▶ **Exercise objective**: When the line with "Sofa Ami - sự" appears below, start repeating lines exactly, and keep going through the line with "MIC001117 Catalogue pièces"; add nothing outside that span.

Stored records:
^^^^^^^^

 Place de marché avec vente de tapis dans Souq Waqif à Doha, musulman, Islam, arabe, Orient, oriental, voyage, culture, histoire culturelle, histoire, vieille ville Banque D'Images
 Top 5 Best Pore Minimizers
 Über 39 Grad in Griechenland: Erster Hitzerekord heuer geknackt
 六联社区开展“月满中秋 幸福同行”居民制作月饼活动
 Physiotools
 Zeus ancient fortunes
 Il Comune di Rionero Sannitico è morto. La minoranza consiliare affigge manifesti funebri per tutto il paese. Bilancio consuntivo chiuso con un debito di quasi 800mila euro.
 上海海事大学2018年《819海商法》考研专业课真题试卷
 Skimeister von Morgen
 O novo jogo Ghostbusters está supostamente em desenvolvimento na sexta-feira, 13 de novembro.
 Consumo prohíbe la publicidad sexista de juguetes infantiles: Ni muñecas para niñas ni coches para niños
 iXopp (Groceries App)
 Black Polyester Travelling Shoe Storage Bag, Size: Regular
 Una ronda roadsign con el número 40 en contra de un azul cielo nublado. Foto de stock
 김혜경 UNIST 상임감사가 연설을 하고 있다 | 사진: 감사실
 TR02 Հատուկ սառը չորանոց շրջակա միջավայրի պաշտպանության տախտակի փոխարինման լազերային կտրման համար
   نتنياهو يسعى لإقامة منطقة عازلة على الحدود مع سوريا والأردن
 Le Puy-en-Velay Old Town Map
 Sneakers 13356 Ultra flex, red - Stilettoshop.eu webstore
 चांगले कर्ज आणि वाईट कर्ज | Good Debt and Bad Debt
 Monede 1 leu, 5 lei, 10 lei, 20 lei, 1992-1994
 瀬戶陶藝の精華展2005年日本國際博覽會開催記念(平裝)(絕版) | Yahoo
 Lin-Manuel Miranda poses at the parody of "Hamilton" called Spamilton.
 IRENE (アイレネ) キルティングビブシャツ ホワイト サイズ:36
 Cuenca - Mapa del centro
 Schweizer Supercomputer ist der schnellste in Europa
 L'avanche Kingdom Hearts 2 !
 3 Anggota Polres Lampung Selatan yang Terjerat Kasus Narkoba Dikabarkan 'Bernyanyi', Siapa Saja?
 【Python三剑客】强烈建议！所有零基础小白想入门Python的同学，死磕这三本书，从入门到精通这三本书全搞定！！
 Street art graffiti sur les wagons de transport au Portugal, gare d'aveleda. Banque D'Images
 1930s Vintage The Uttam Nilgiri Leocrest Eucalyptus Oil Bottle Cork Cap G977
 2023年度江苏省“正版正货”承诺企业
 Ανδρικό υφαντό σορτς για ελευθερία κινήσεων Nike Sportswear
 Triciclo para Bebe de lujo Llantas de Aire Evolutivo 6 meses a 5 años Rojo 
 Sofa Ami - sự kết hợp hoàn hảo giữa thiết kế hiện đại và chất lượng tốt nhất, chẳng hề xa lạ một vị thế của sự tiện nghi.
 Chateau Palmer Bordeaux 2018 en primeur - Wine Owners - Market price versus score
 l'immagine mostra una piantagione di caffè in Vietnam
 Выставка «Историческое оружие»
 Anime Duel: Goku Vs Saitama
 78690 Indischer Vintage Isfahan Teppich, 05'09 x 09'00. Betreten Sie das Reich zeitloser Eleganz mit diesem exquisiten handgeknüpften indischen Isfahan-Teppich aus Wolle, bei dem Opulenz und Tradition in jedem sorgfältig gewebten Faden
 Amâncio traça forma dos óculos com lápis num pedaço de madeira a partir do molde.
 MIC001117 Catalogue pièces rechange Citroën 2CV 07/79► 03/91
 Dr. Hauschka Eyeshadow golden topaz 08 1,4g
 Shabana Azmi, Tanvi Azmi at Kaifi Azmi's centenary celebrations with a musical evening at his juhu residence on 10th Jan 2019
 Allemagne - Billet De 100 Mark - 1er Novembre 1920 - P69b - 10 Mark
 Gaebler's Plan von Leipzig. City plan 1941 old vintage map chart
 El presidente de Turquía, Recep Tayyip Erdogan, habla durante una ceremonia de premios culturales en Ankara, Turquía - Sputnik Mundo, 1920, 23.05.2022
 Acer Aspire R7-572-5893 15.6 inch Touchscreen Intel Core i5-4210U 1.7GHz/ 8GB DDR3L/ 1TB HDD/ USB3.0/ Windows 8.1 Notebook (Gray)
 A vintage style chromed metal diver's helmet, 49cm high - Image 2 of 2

^^^^^^^^

▶ **Solution below**:
 Sofa Ami - sự kết hợp hoàn hảo giữa thiết kế hiện đại và chất lượng tốt nhất, chẳng hề xa lạ một vị thế của sự tiện nghi.
 Chateau Palmer Bordeaux 2018 en primeur - Wine Owners - Market price versus score
 l'immagine mostra una piantagione di caffè in Vietnam
 Выставка «Историческое оружие»
 Anime Duel: Goku Vs Saitama
 78690 Indischer Vintage Isfahan Teppich, 05'09 x 09'00. Betreten Sie das Reich zeitloser Eleganz mit diesem exquisiten handgeknüpften indischen Isfahan-Teppich aus Wolle, bei dem Opulenz und Tradition in jedem sorgfältig gewebten Faden
 Amâncio traça forma dos óculos com lápis num pedaço de madeira a partir do molde.
 MIC001117 Catalogue pièces rechange Citroën 2CV 07/79► 03/91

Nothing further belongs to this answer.